I'm kind of following the Houseworks Organized Christmas Plan - although on a kind of sped-up schedule, because we're planning to sell our house and would therefore like to have it "company-ready" before mid-November. Last week the decluttering assignment was "the craft room", which has really needed a good going-through for years. I've turned up some interesting stuff...
- The curtains I've been meaning to work on for years. Amazingly, all the pieces, including all 24 buttons (which is good, because they need to match another set and I think they're discontinued) were there. I'll actually have them finished by the end of the week; the key to getting that done was to tell my Sewing Neurosis to shut its yap, remind myself that it doesn't matter if the tabs are wrong as long as they're all wrong the same, stop worrying about where I'm a millimeter off straight, and just sew it.
- Felt Santa, a Dimensions beads/sequins/felt wall hanging thing I was working on years ago. Again, almost done - but I don't know if I still have all the pieces. It's possible Dimensions will send me anything I'm missing...
- A cross-stitched bookmark that I'd intended to back with a scrap from the curtains, plus the scrap from the curtains I'd intended to back it with. I'm almost convinced that it's actually ugly and I shouldn't bother finishing it - but I will, anyways.
- A box of afghan squares I've been carrying around for 25 years. About a quarter of them were made by my great-grandmother right before she died; I'd planned to finish it. After I got the rest of the squares made, I realized that, well, it was just ugly (featured colors: hot pink, lemon yellow, neon green...even in 1987, that was pretty much done), and stuffed it all in a box before sewing it together. I gave myself permission to throw it out.
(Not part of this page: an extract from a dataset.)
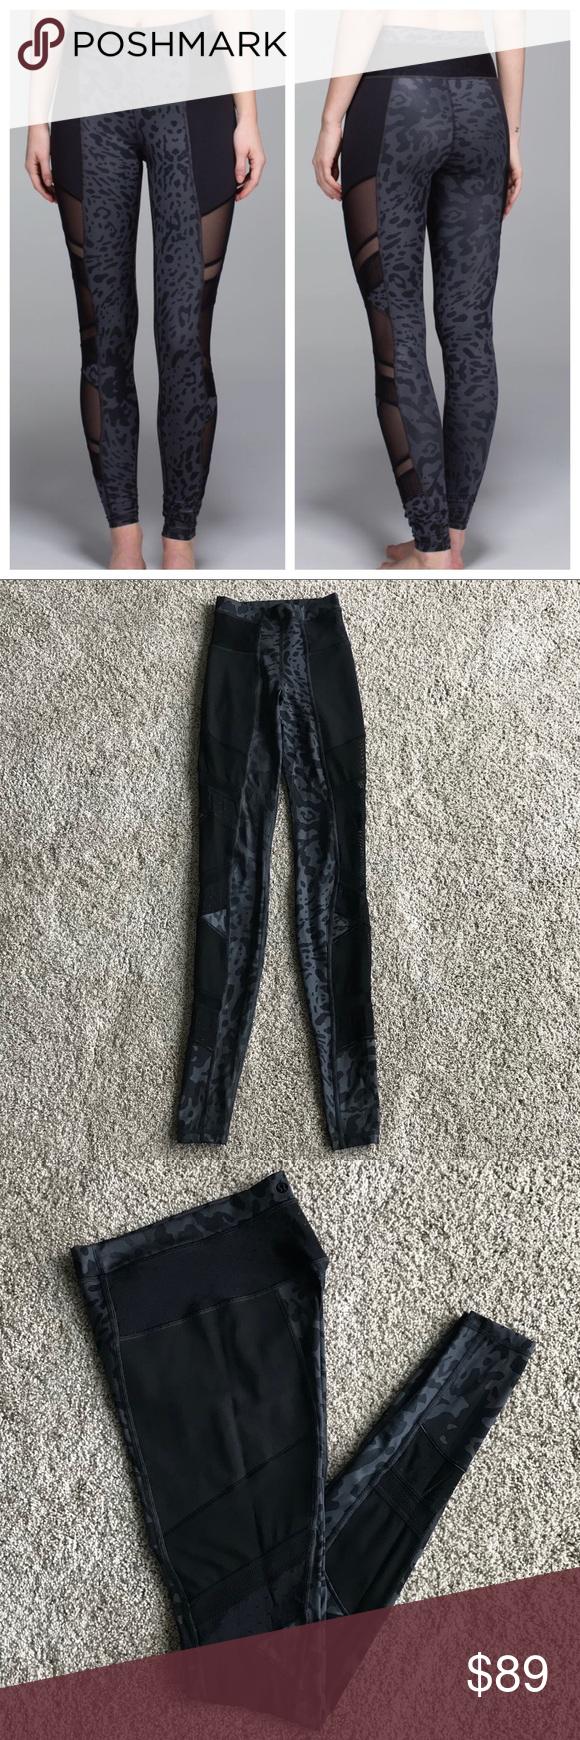 267cf34f6 Lululemon Just Breathe Pants Lululemon Just Breathe Pant Animal Swirl Deep  Coal Light   Black Size 2 -Full-On Luxtreme® fabric is sweat-wicking and  four-way ...

- I also gave myself permission to throw out a worn-out sleeping bag (Hubby wanted me to fix it, but it's not worth it), a worn and stained flannel sheet (it was going to be quilt innards, but I gave up on the quilt), and a few other similar items. The pile of worn-out T-shirts may yet find itself turned into
tarn, though.
- I also found, have given myself permission to throw out, but have not yet thrown out: a cookie tin containing about 75 skeins of embroidery floss, also formerly my great-grandmother's. The problem is, they came to me via my chain-smoking great-uncle - the tin has a kind of pretty picture on it, but when I got it, there was so much tobacco residue on it that I thought it was plain gold, and I was absolutely astonished when cleaning it up revealed a scene. Even sealed up inside the tin, the floss picked up a terrible smoke smell, and if anything it's gotten worse over the years, and really, I don't see that the benefit of cleaning it up (a bunch of run-of-the-mill embroidery floss, a lot of it in variegated colors I don't use) is worth the effort. I'm planning to save one or two skeins as a token, and then just dump the tin wholesale; I don't think I'd even give floss that stinky to the thrift store.
- The yarn stash is culled. I'm giving up on the tote of brown acrylic I was thinking of using to make a log cabin blanket; the thrift store is getting that, and a few other things. The whole stash, including spinning fiber, now fits into two big Rubbermaid totes and two small ones, and is entered into my Ravelry stash page. "Must Fit In Existing Stash Totes" seems like a pretty good guideline for future yarn stashing.
- The knitting needle stash is also culled. I officially kept a set of straight needles such that no two pairs are exactly alike (e.g. in size 6, I kept a set of metal 13" straights, a set of plastic 13" straights, and a set of metal 10" straights). The non-interchangeable circulars are sorted and stuck into their hanger. (It turns out I have a lot of size 8 circulars, and no size 9 needles at all. What gives there?) From the leftovers, I pulled out pairs for Daughter; any matched pairs from what was left went into the thrift store bag, and I'm torn about whether the unmatched needles (and I can find mates for a lot of them - it's just that both needles in the pair won't be the same) should be donated or scrapped.
The sad thing is, this only gets me to "mostly done" - there's a couple chairs that have just been shoved into the corner that I need to figure out what to do with, and they're in the way of really finishing the project. Most of what's left seems to be sewing-related - the mending basket (yikes!), a couple small totes of fabric, a lot of stray pattern pieces.